JAKARTA, INFOKALTENG – Nama Ginka Febriyanti Ginting menjadi sorotan setelah ditunjuk sebagai Komisaris PT Pertamina Retail (Pertare), anak usaha PT Pertamina (Persero) yang bergerak di sektor ritel energi. Sosok berusia 28 tahun tersebut menarik perhatian publik karena memiliki latar belakang sebagai aktivis organisasi sebelum masuk ke jajaran perusahaan BUMN.
Penunjukan Ginka sebagai komisaris memunculkan berbagai respons, terutama terkait rekam jejaknya di dunia organisasi dan aktivitas publik. Salah satu yang kembali disorot adalah isu tudingan dirinya pernah menjadi koordinator aksi demonstrasi bayaran.
Polemik tersebut merujuk pada keterlibatan Ginka sebagai Koordinator Nasional relawan Barisan Intelektual Strategi Objektif Nasional (BISON) Indonesia. Dalam sejumlah pemberitaan, ia disebut pernah mengoordinasikan pengerahan massa untuk sebuah aksi demonstrasi pada 28 Agustus 2025.
Berdasarkan informasi susunan komisaris Pertamina Retail, Ginka tercatat bergabung bersama Komisaris Utama Lia Itok Garbianto dan Komisaris Devi Taurisa. Kehadirannya menjadi salah satu figur muda dalam jajaran pengawas perusahaan di lingkungan BUMN energi.
Ginka diketahui lahir di Kabanjahe, Kabupaten Karo, Sumatera Utara, pada 1 Februari 1998. Ia menempuh pendidikan hingga perguruan tinggi di Jakarta dan disebut memperoleh gelar Sarjana Akuntansi dari Universitas Esa Unggul pada 2019.
Pendidikan Ginka kemudian berlanjut hingga meraih gelar Magister Manajemen dari kampus yang sama pada 2023. Sebelum masuk ke lingkungan korporasi, ia lebih dikenal aktif dalam organisasi kepemudaan dan kegiatan kemahasiswaan.
Namanya pernah dikaitkan dengan sejumlah aktivitas organisasi, termasuk Aliansi Mahasiswa Nasional serta BISON Indonesia. Dalam organisasi tersebut, Ginka disebut pernah menjabat sebagai Koordinator Nasional maupun Ketua Nasional.

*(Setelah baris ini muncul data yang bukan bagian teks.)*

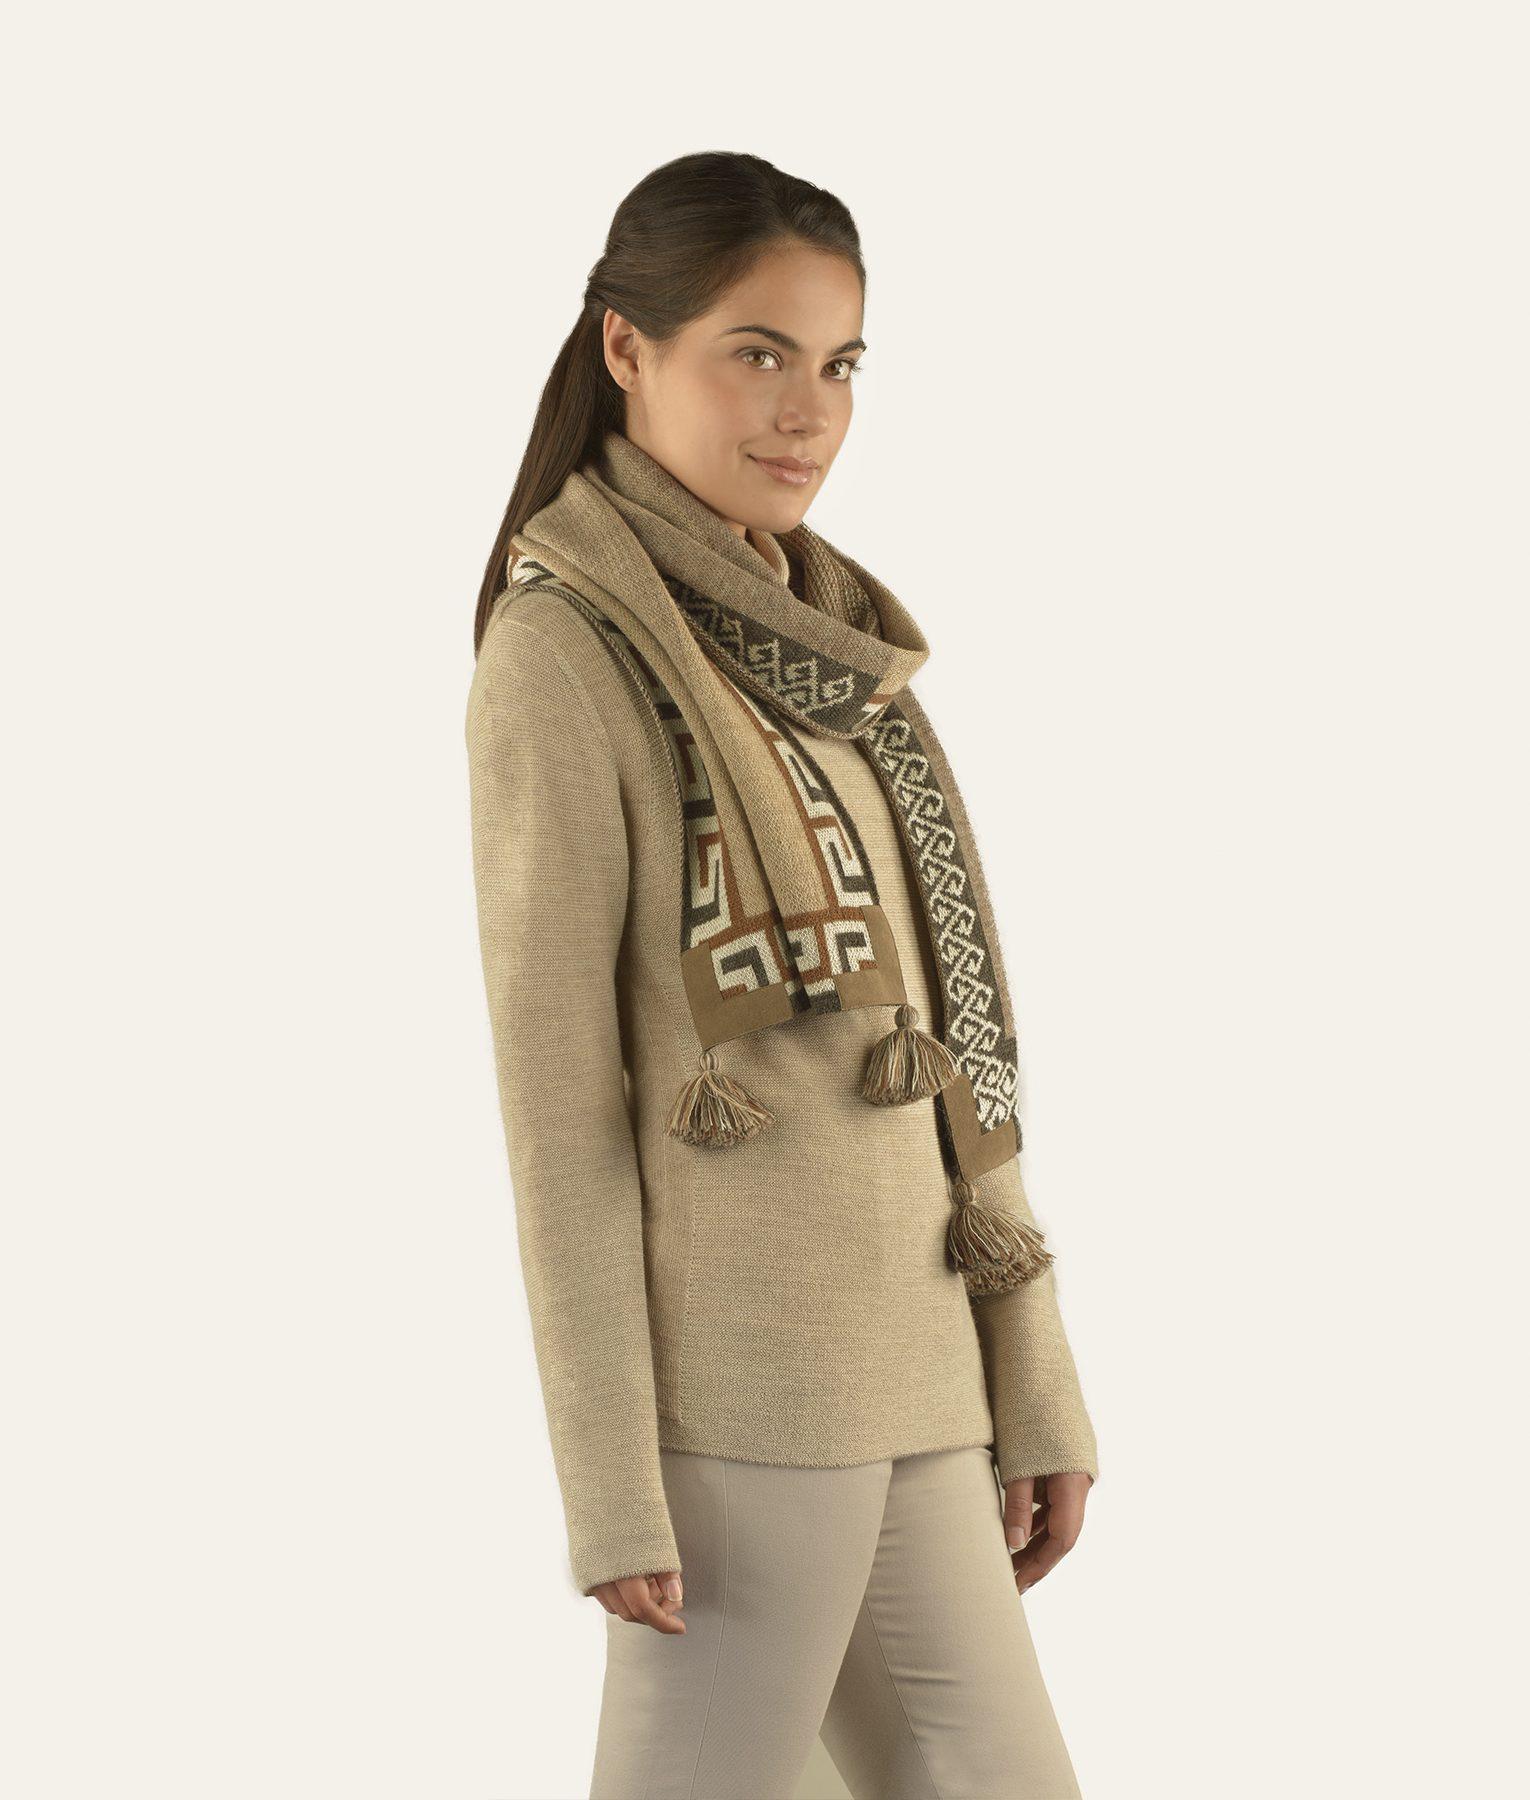 Écharpe MANTA en bébé alpaga - écharpes, bonnets et pulls en alpaga. Fine Alpaca, fine laine et coton du Pérou, vêtements en fibres naturelles.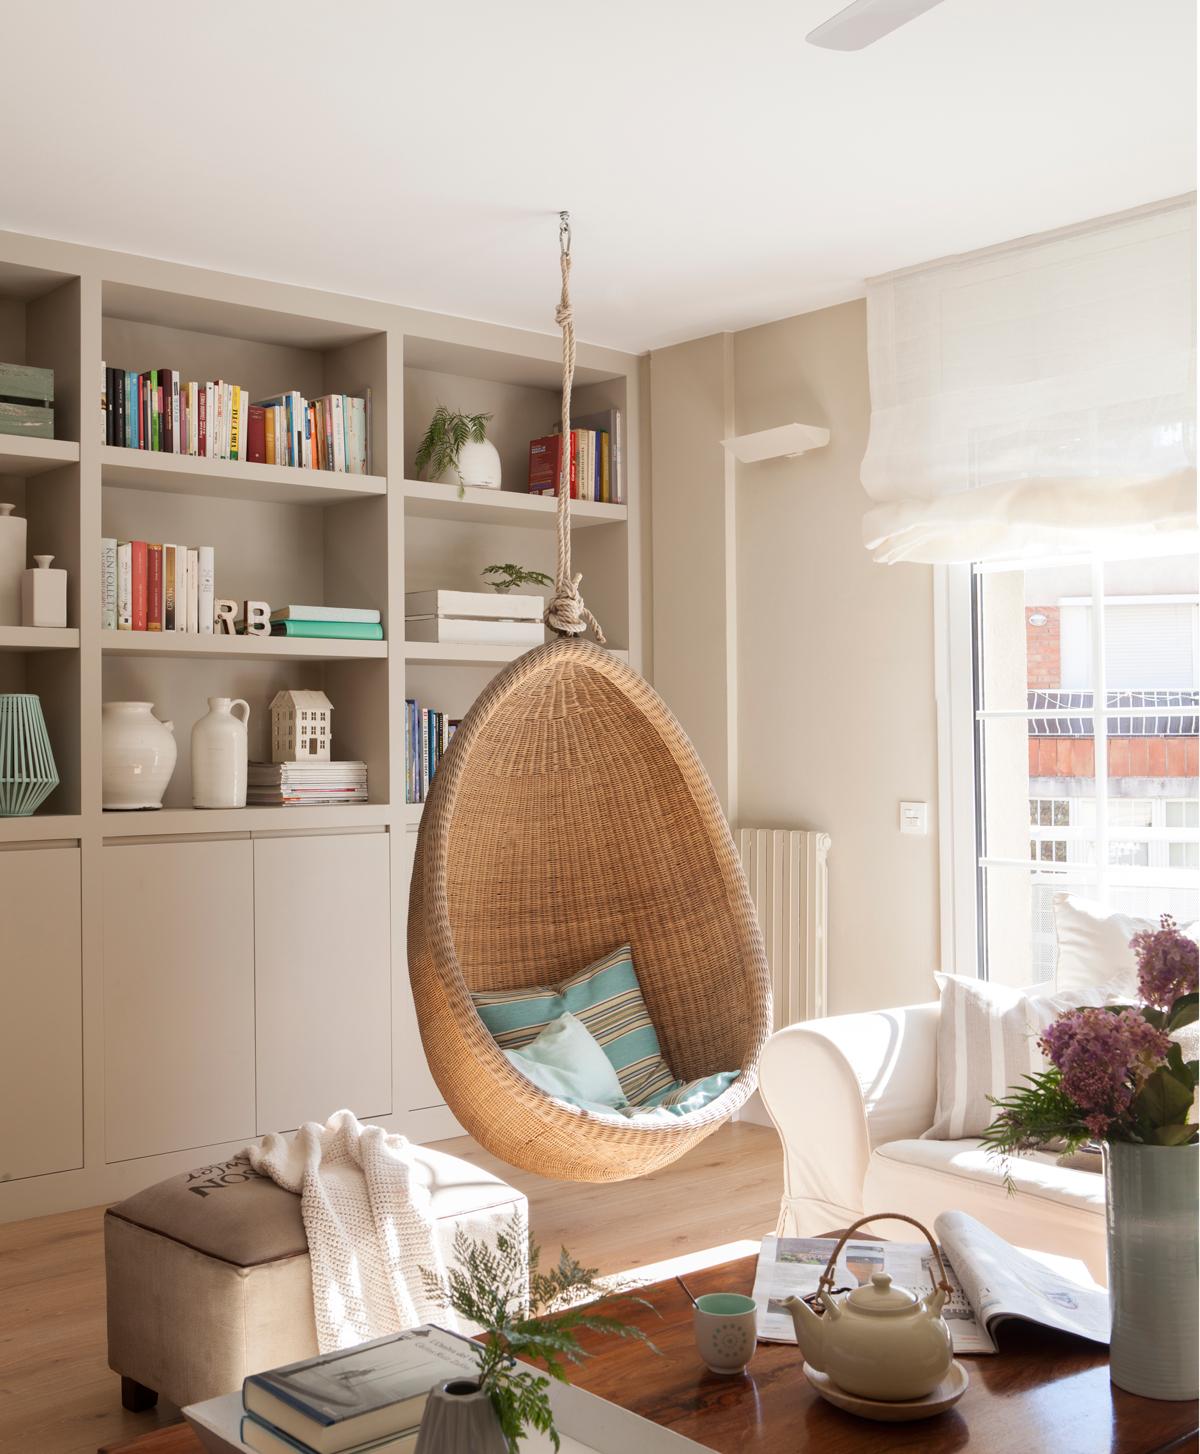 Muebles y complementos que se cuelgan - Sillas colgantes del techo ...

Aktivitasnya di BISON juga membuat namanya dikaitkan dengan kelompok relawan pendukung pasangan Prabowo Subianto-Gibran Rakabuming Raka pada Pilpres 2024. Organisasi tersebut juga diketahui pernah memberikan dukungan politik kepada pasangan Andra Soni-Dimyati dalam Pilgub Banten 2024.
Meski demikian, belum terdapat informasi resmi yang menunjukkan Ginka sebagai pengurus maupun kader partai politik tertentu. Publik mengenalnya lebih sebagai aktivis organisasi dan relawan.
Masuknya Ginka ke jajaran Komisaris Pertamina Retail dinilai menjadi bagian dari keterlibatan generasi muda dalam tata kelola perusahaan strategis. Namun, posisi tersebut juga membawa tantangan besar terkait kemampuan pengawasan, penerapan tata kelola perusahaan yang baik, serta kontribusi terhadap perkembangan bisnis perusahaan.
Sorotan terhadap Ginka mencerminkan perhatian publik terhadap proses penunjukan figur muda di perusahaan negara. Selain usia, rekam jejak, kapasitas, dan kemampuan menjalankan tugas menjadi aspek yang akan diuji dalam perjalanan kariernya sebagai komisaris.
Kini, Ginka menghadapi tantangan untuk membuktikan kapasitasnya dalam mengemban amanah sebagai pengawas perusahaan di sektor energi nasional yang memiliki peran penting bagi masyarakat.